When Khyron attacks the SDF-1 and New Macross City in his repowered warship, Minmei begs Rick not to go as she cannot understand or accept that Rick must constantly risk his life in battle. When the battle is over, both Rick and Minmei realize that they cannot be together as Rick is dedicated to the military and Minmei is dedicated to her music. Rick realizes that his love for Minmei is based more on euphoria than on reality and that his love for Lisa is stronger than he had ever realized up until now. Rick and Lisa, finally realizing and accepting their love for each other, watch Minmei walk away and vow to work together to rebuild Earth. Rick and Lisa would eventually become senior officers in the United Earth Forces while Minmei goes on to continue her career as a famous singer who is beloved by fans across the globe. on the verge of the launch of the Robotech Expeditionary Force, led by the newly completed SDF-3, Rick and Lisa are finally married with Minmei singing during their wedding. Minmei and Kyle later stow away aboard the SDF-3 and travel with it on its mission to find the Robotech Masters' homeworld.

=== Henry J. Gloval ===

Captain (later Admiral) Henry J. Gloval, (voiced by: Greg Finley) is a major character in the First Saga of Robotech. First appearing in the first episode, Gloval commands the SDF-1 throughout the First Robotech War, leading the ship through numerous battles against the Zentraedi. Gloval routinely clashes with the United Earth Government (UEG) regarding their belligerent and uncompromising attitude toward the Zentraedi and their refusal to try to make peace. Gloval finally makes a plea for peace with the Zentraedi as he speaks at the wedding of Max Sterling and Zentreadi defector Miriya Parina. A short time later, he helps facilitate a truce with Breetai and the Zentraedi under him and gains support against Zentraedi Supreme Commander Dolza. Dolza realizes though the threat that human emotions and culture now pose to his command. He orders his entire fleet into Earth's orbit to destroy the planet, the SDF-1 and all of the Zentraedi under Breetai who have rebelled. Although Gloval is unable to stop Dolza's fleet from devastating Earth, he develops and commands a successful operation. Utilizing the singing of Lin Minmei and a special attack developed by Lisa Hayes Dolza is defeated. The attack also results in the destruction of virtually the entire Zentraedi fleet.

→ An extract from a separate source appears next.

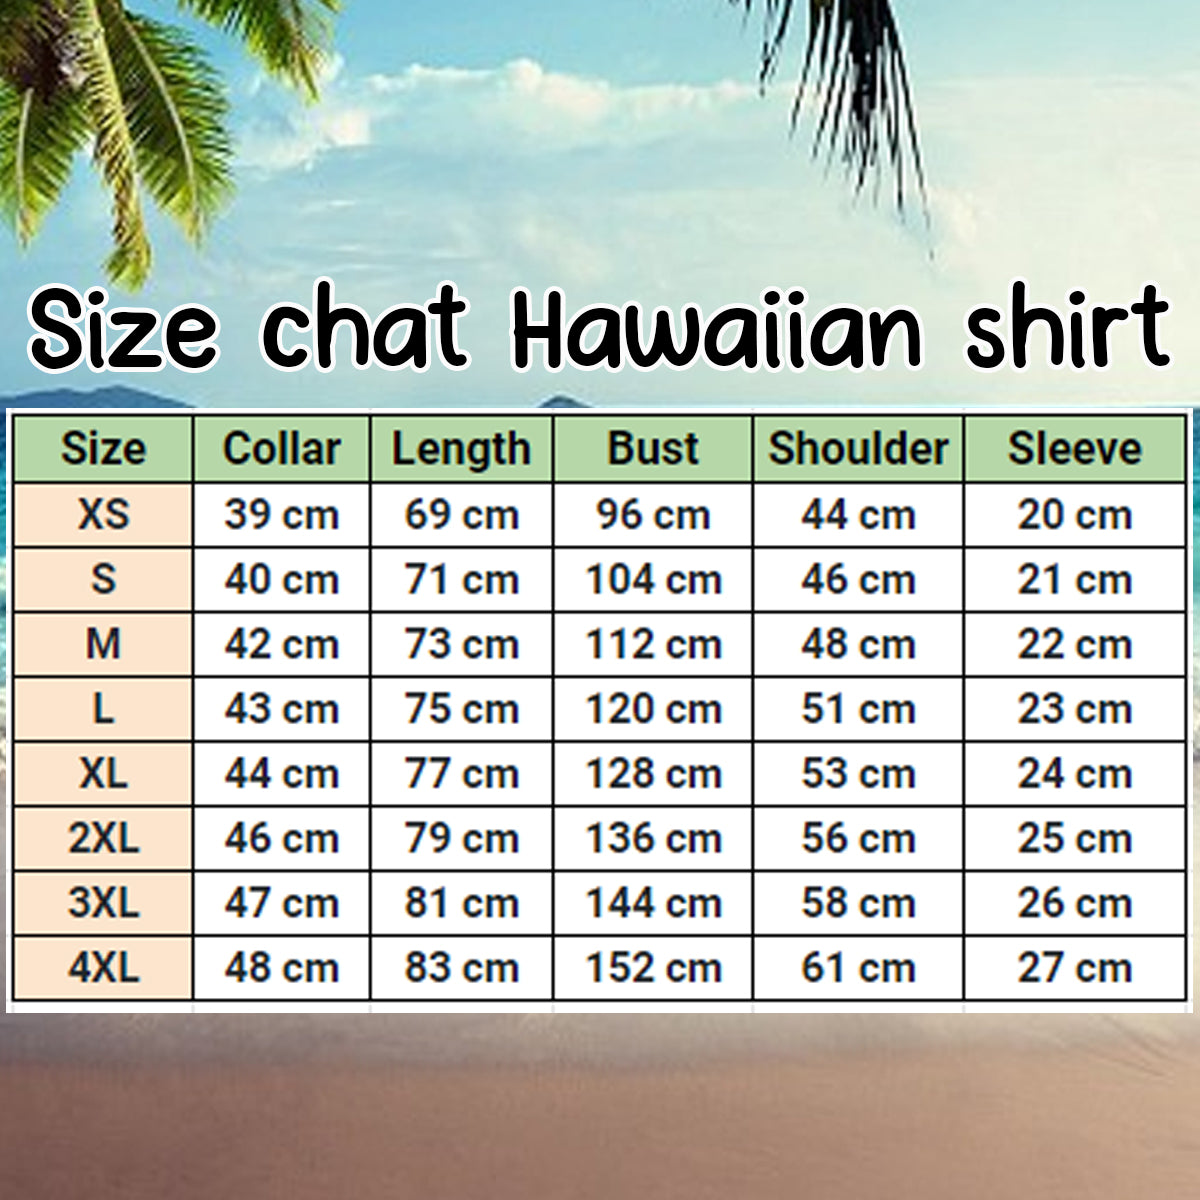 German Pinscher Hawaiian Shirt/ Flower dog Short Sleeve Hawaiian Aloha Shirt/ hawaiian shirt for men/ women

Gloval becomes an Admiral following the defeat of Dolza's grand fleet and oversees the reconstruction of Earth. The challenges are immense: 95% of the Earth's surface has been devastated, with all major cities destroyed and most of planet's vegetation reduced to endless deserts. The population of the world is reduced from billions to only 70,000. Despite the challenges, Gloval successfully leads Earth through its recovery. New challenges later emerge including Zentraedi rebellions, a military threat posed by Khyron's rebels, and the capture of the Zentraedi factory satellite. Gloval provides leadership deciding to appoint Captain Lisa Hayes to command the newly built SDF-2. In the final battle against the rebel Zentraedi under Khyron, Gloval leads the bridge crew of the SDF-1 into battle despite the massive damage the ship sustained during the war. Using all of the SDF-1's remaining power, it is able to fire one shot which cripples Khyron's warship. Khyron is determined though to have his revenge against Gloval and rigs his warship for a suicide run at the SDF-1. Gloval's final act before he is killed by the impact is to push Lisa Hayes into the last functioning escape pod on the bridge. Gloval becomes a celebrated hero, and he and his crew are held as examples for new military recruits to follow.

=== Max Sterling ===

Maximillian "Max" Sterling (voiced by Cam Clarke) is one of the fictional characters in the Robotech anime television series. He is a young fighter pilot assigned to Rick Hunter's various commands (Black Group, Vermilion Team, and Skull Squadron) along with Ben Dixon. He is 19 years old at the beginning of the Robotech's "Macross Saga". Max having nine confirmed kills in his first combat encounter earns the attention of Roy Fokker, the SDF-1's air group commander. Roy then assigned both Max and Ben under the command of Rick Hunter. Rick then sent him on a reconnaissance mission to scout Zentraedi targets. Max and Rick become friends and later serve together with the Robotech Expeditionary Force. His fighting style gains the attention of Zentraedi Miriya Parina, who fights him in a furious battle that finds its way into the streets of Macross City. Unknown to Max, his defeat of the Zentraedi force's finest pilot made him marked for death by Miriya, who becomes obsessed with finding him. After several more near encounters, Max and Miriya finally confront each other in a video game clash at an arcade. Max again defeats Miriya which has her conclude that Max is the pilot who had bested her in real combat. As Miriya storms off in anger, Max asks her to go out with him on a date which she accepts. She secretly plots to kill him though when they meet.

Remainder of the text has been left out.